俺はそれを真正面から受け止め、自然と鍔迫り合いの形になった。ルーデシアは力勝負では不利だと判断したのか、数秒組み合った後に自発的に離れる。
その調子で何度か付いて離れてを繰り返す。それが五回を超えると、鍔迫り合いはほぼなくなり互いがそれぞれの剣を乱そうと打ち合いに発展した。
ルーデシアは突如後退したかと思いきや、羽織っていた黒いマントをこちらに投げつけてきた。風に煽られぶわりと広がるそれは目隠しとしての機能を十分に果たす。
小柄な彼女の姿をすっぽりと覆い隠したそれを切り払うが、再び姿を現したルーデシアは既に姿勢を低くし斬り上げの体勢に入っていた。
剣を戻して弾くには間に合わない――
そう判断し、斬り上げを背後につんのめることでなんとか躱す。顎を少し切ったが、お返しとばかりに蹴りを繰り出す。

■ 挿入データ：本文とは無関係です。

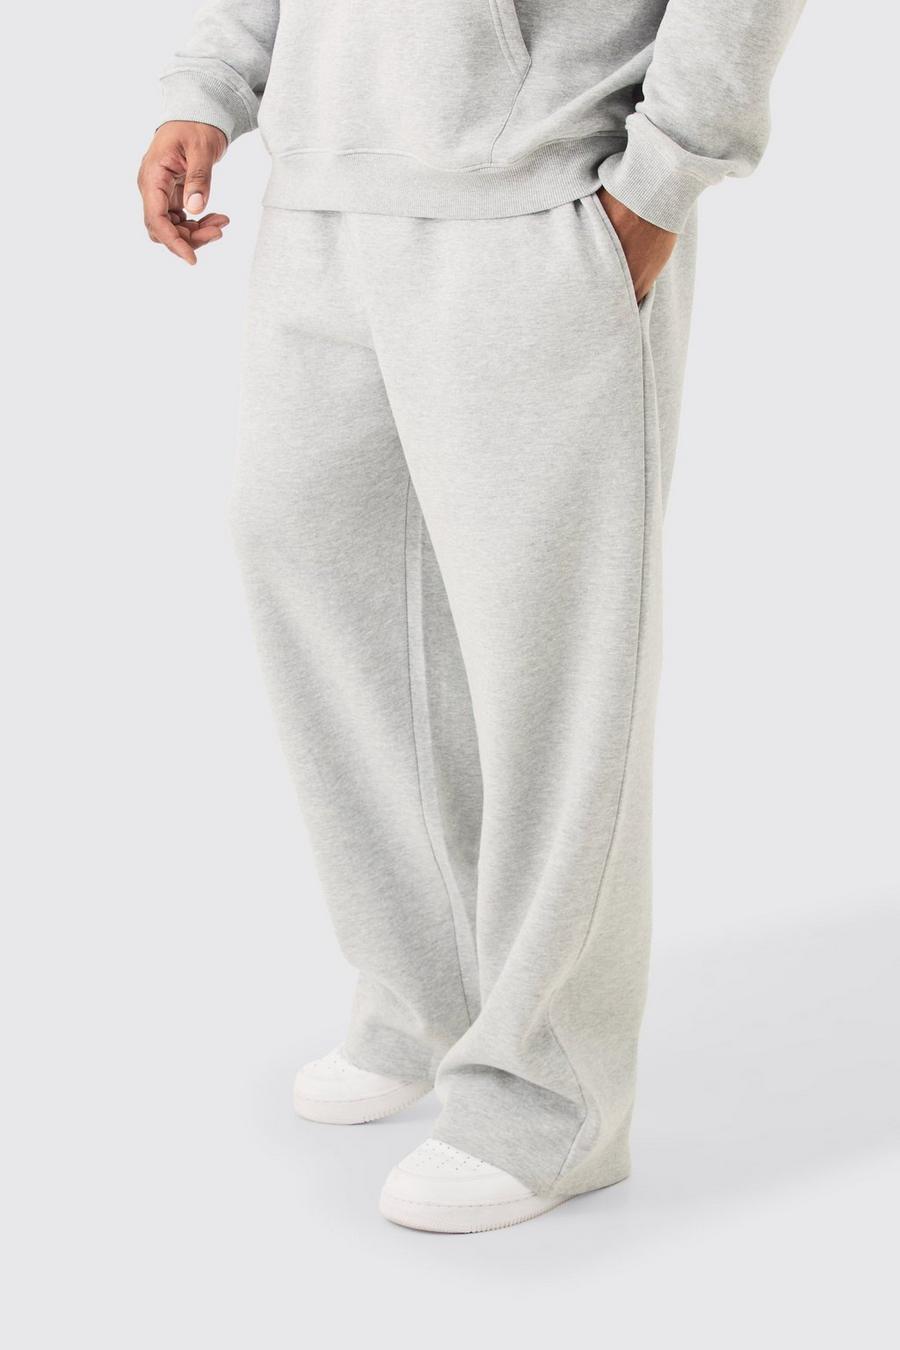 Pantalón deportivo Plus básico holgado gris jaspeado, Grey marl image number 1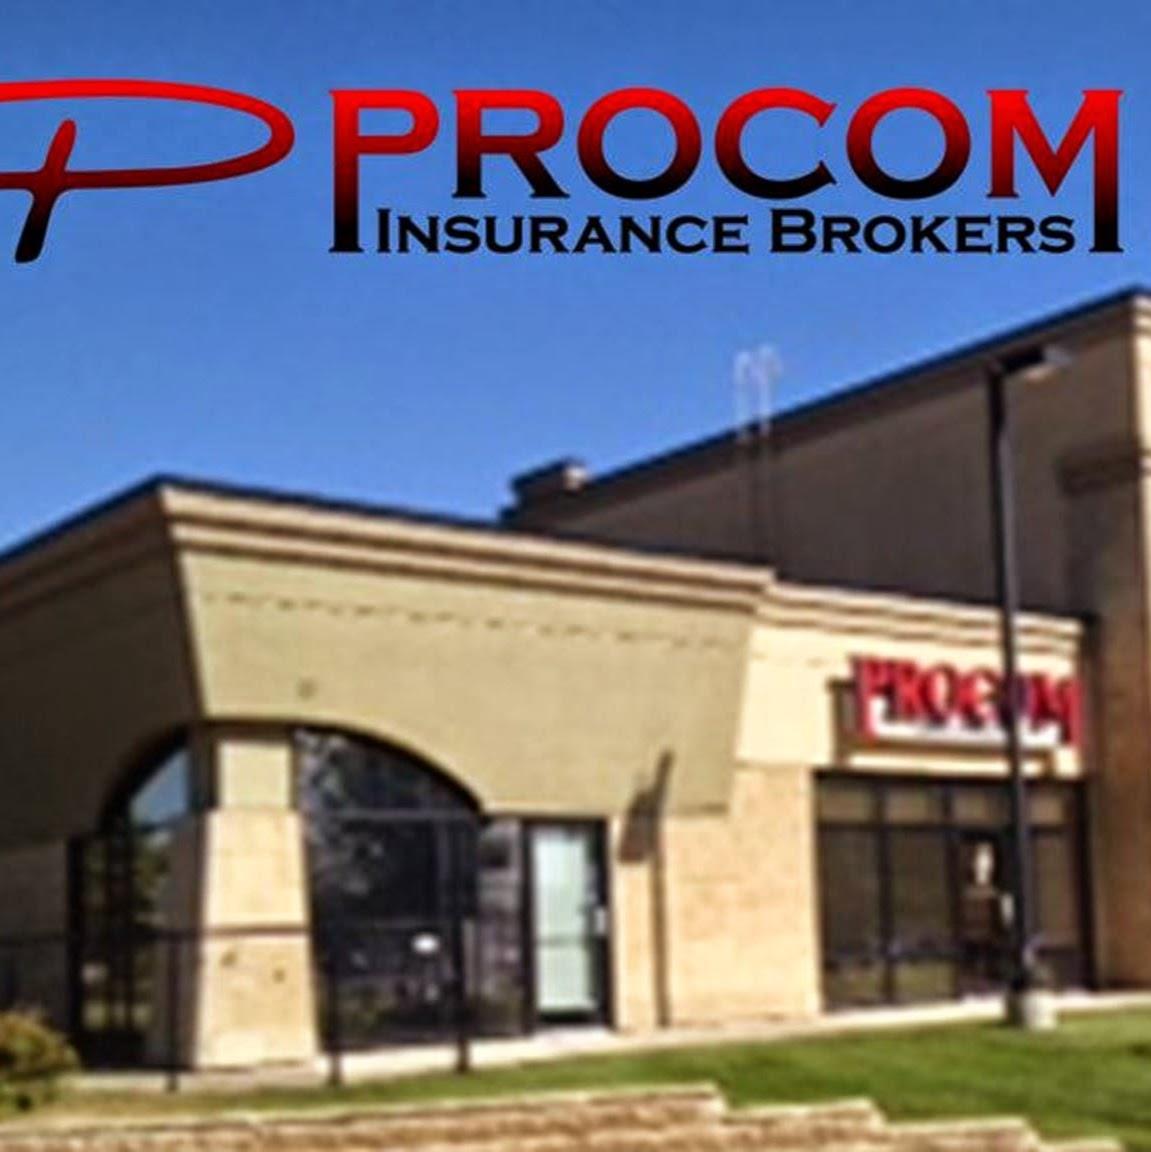 Insurance Brokers in Red Deer, AB

彼女の腹めがけて蹴り出したものの既に彼女は後退しており空振った。
斬り上げの勢いを利用して空いた片手を使いバク転を繰り出したのだろう。中々の身体能力だ。
またも二人の間は10m程度の距離があり、双方ともどう切り出そうかとにらみ合う。
そんな中、先に動いたのはルーデシアの方だったが、蹴り出すと同時に俺が足元に設置した小さいシールドに足を取られ――
「へぶっ!」
ビターンという擬音がよく似合う形で、ものの見事にすっ転ぶ。
がら空きの背中めがけて刃を突き立てようとすると、横に転がって避けられる。彼女はそのままゴロゴロと転がって行き、十分距離が離れたところで起き上がった。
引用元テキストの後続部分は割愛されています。